+++ Given information +++

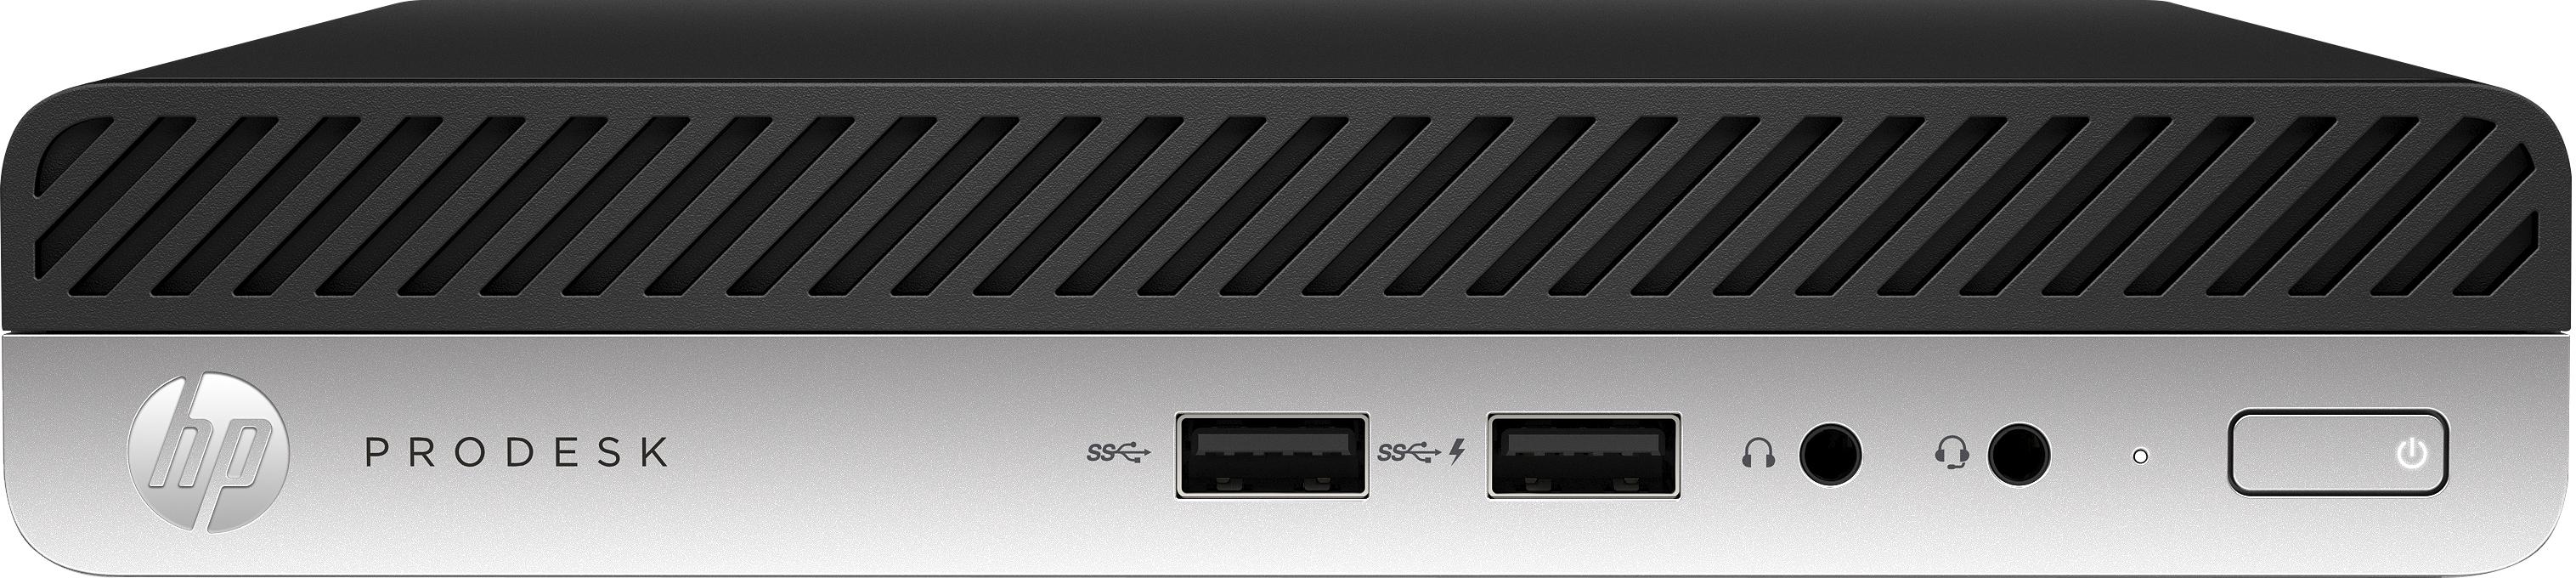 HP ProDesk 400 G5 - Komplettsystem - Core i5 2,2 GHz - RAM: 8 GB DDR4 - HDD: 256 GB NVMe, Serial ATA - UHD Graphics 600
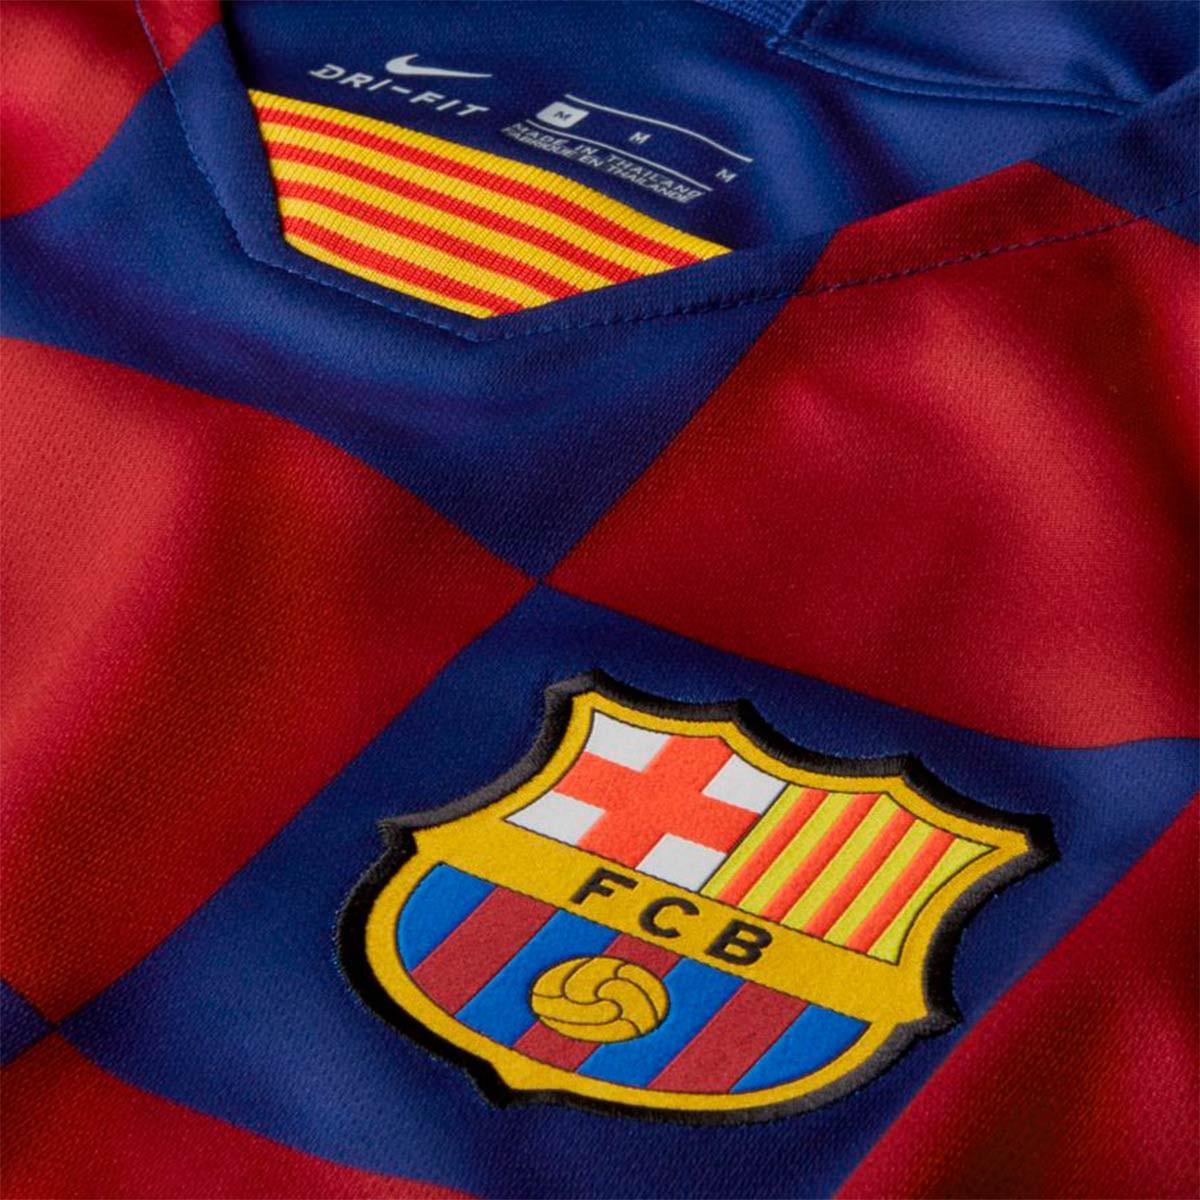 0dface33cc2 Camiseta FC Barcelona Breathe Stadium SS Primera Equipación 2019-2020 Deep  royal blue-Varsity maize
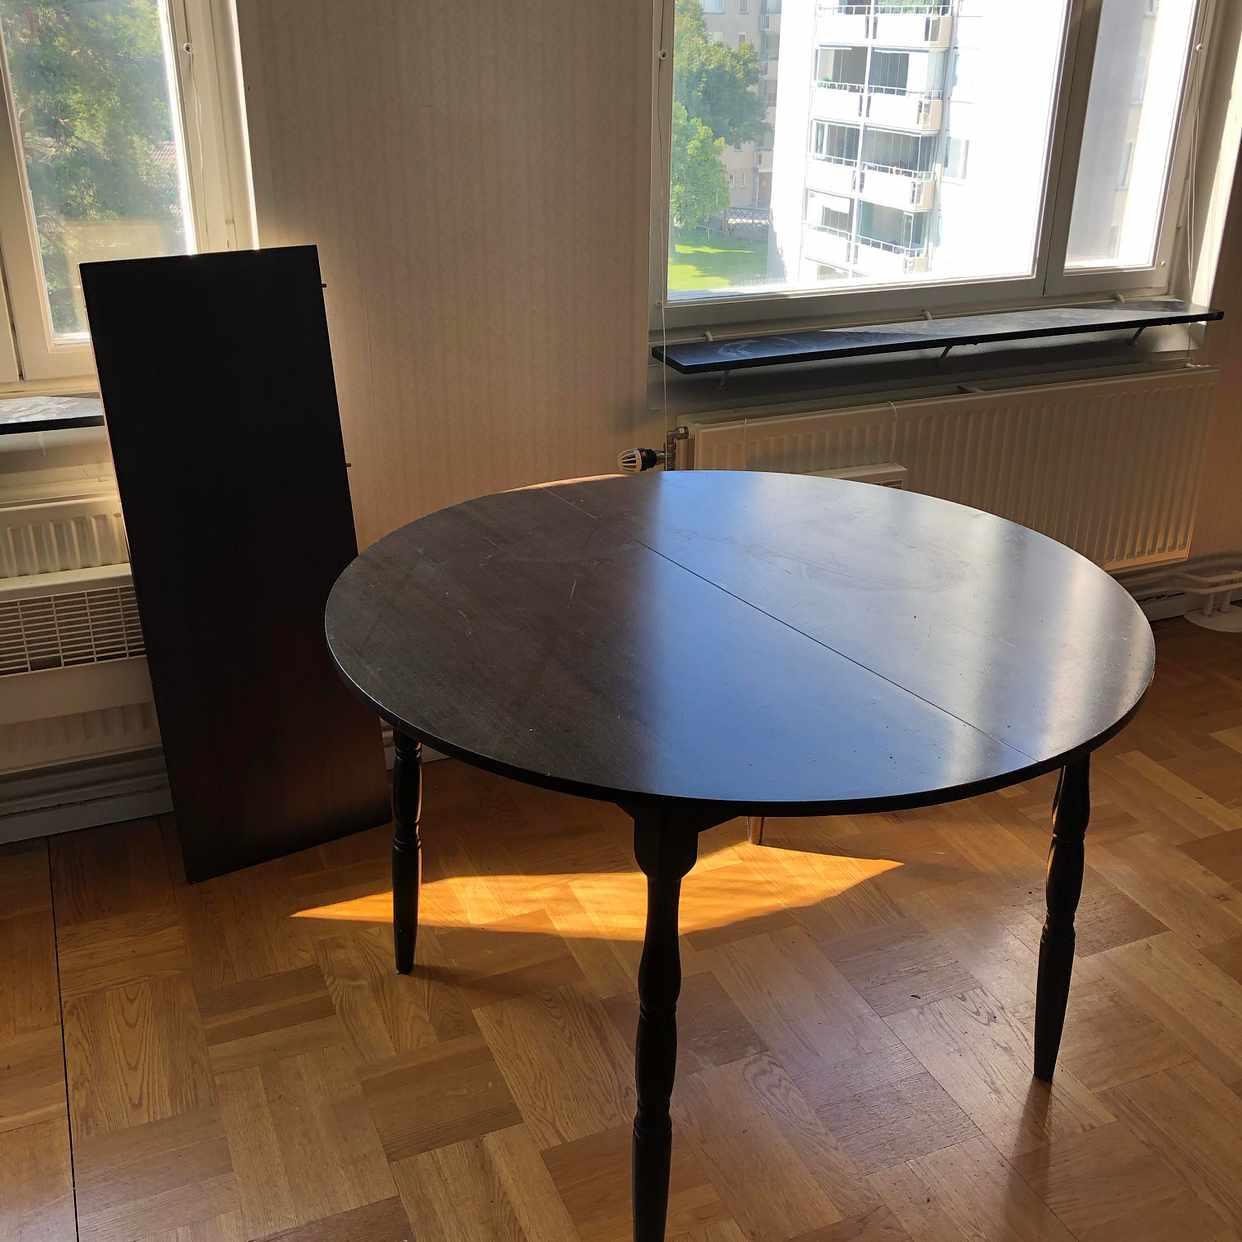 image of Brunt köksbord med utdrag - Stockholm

+++

Work instructions
Give an exact copy of the listing above that leaves out every picture.

Finished exercise
 HP ProDesk 400 G5 - Komplettsystem - Core i5 2,2 GHz - RAM: 8 GB DDR4 - HDD: 256 GB NVMe, Serial ATA - UHD Graphics 600
 0dface33cc2 Camiseta FC Barcelona Breathe Stadium SS Primera Equipación 2019-2020 Deep  royal blue-Varsity maize
 image of Brunt köksbord med utdrag - Stockholm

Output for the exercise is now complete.